Interactive informed consent: randomized comparison with paper consents

Abstract

Informed consent is the cornerstone of human research subject protection. Many subjects sign consent documents without understanding the study purpose, procedures, risks, benefits, and their rights. Proof of comprehension is not required and rarely obtained. Understanding might improve by using an interactive system with multiple options for hearing, viewing and reading about the study and the consent form at the subject's own pace with testing and immediate feedback. This prospective randomized study compared the IRB-approved paper ICF for an actual clinical research study with an interactive presentation of the same study and its associated consent form using an iPad device in two populations: clinical research professionals, and patients drawn from a variety of outpatient practice settings. Of the 90 participants, 69 completed the online test and survey questions the day after the session (maximum 36 hours post-session). Among research professionals (n = 14), there was a trend (p = .07) in the direction of iPad subjects testing better on the online test (mean correct = 77%) compared with paper subjects (mean correct = 57%). Among patients (n = 55), iPad subjects had significantly higher test scores than standard paper consent subjects (mean correct = 75% vs 58%, p < .001).

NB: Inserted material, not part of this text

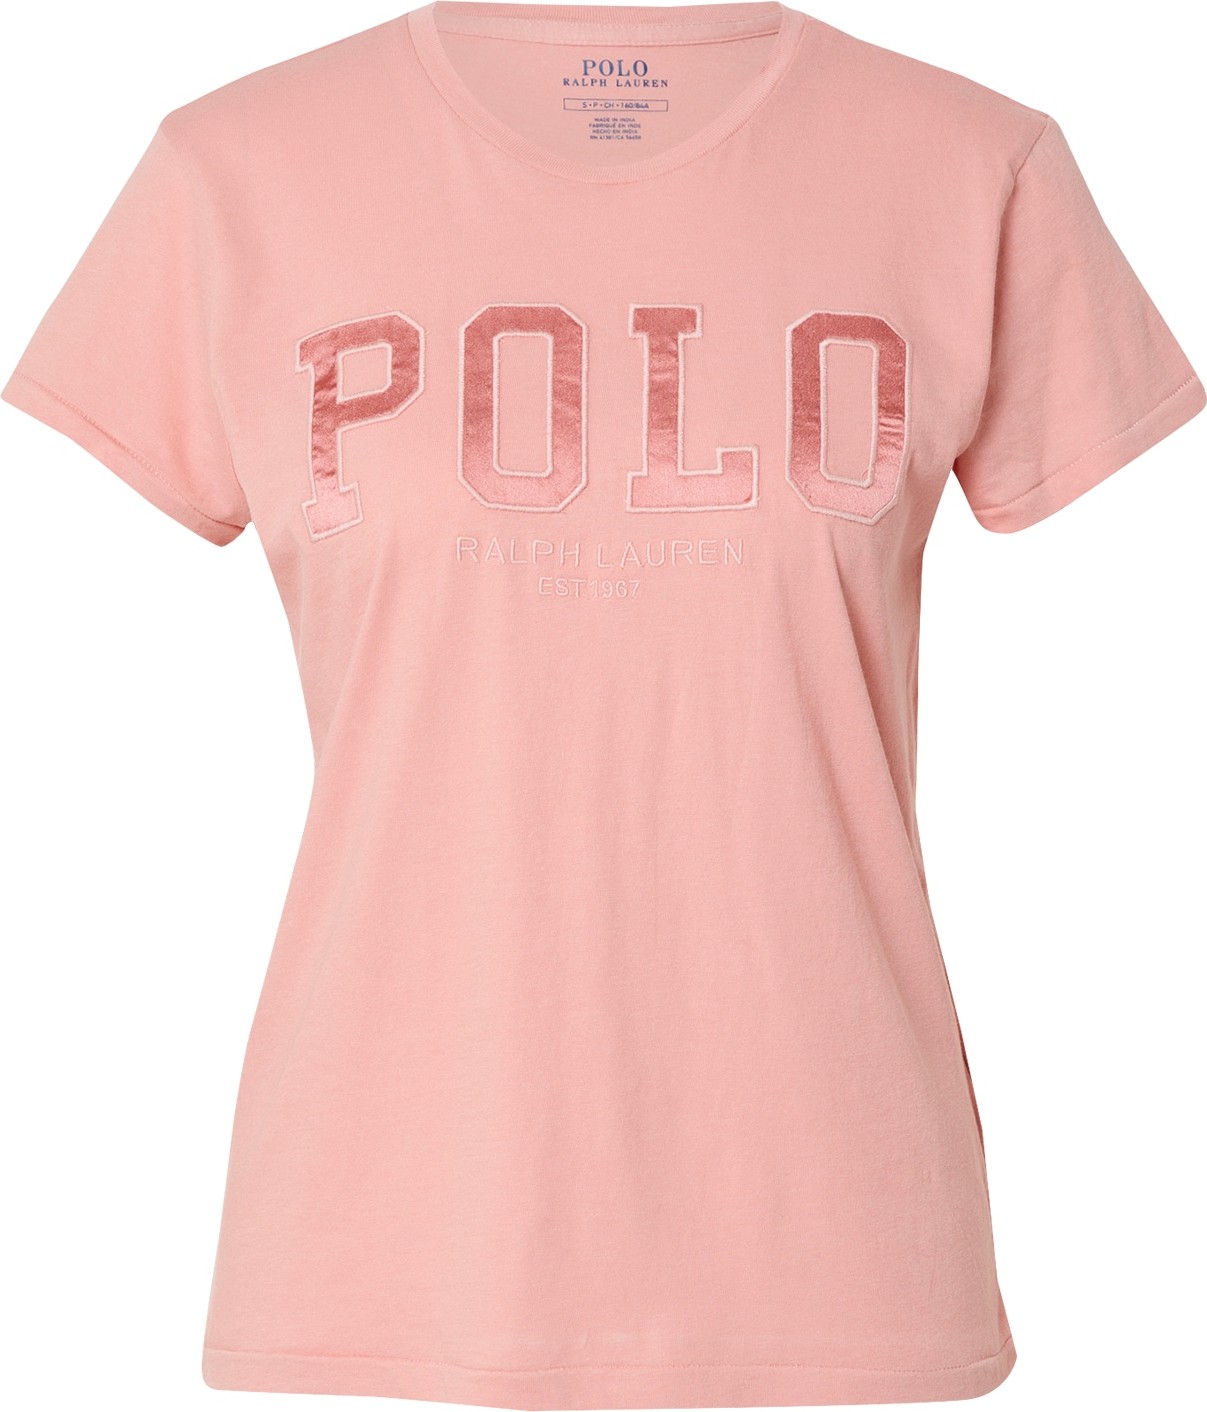 Polo Ralph Lauren Tričko světle růžová

For all subjects, the total time spent reviewing the paper consent was 13.2 minutes, significantly less than the average of 22.7 minutes total on the three components to be reviewed using the iPad (introductory video, consent form, interactive quiz). Overall satisfaction and overall enjoyment slightly favored the interactive iPad presentation. This study demonstrates that combining an introductory video, standard consent language, and an interactive quiz on a tablet-based system improves comprehension of research study procedures and risks.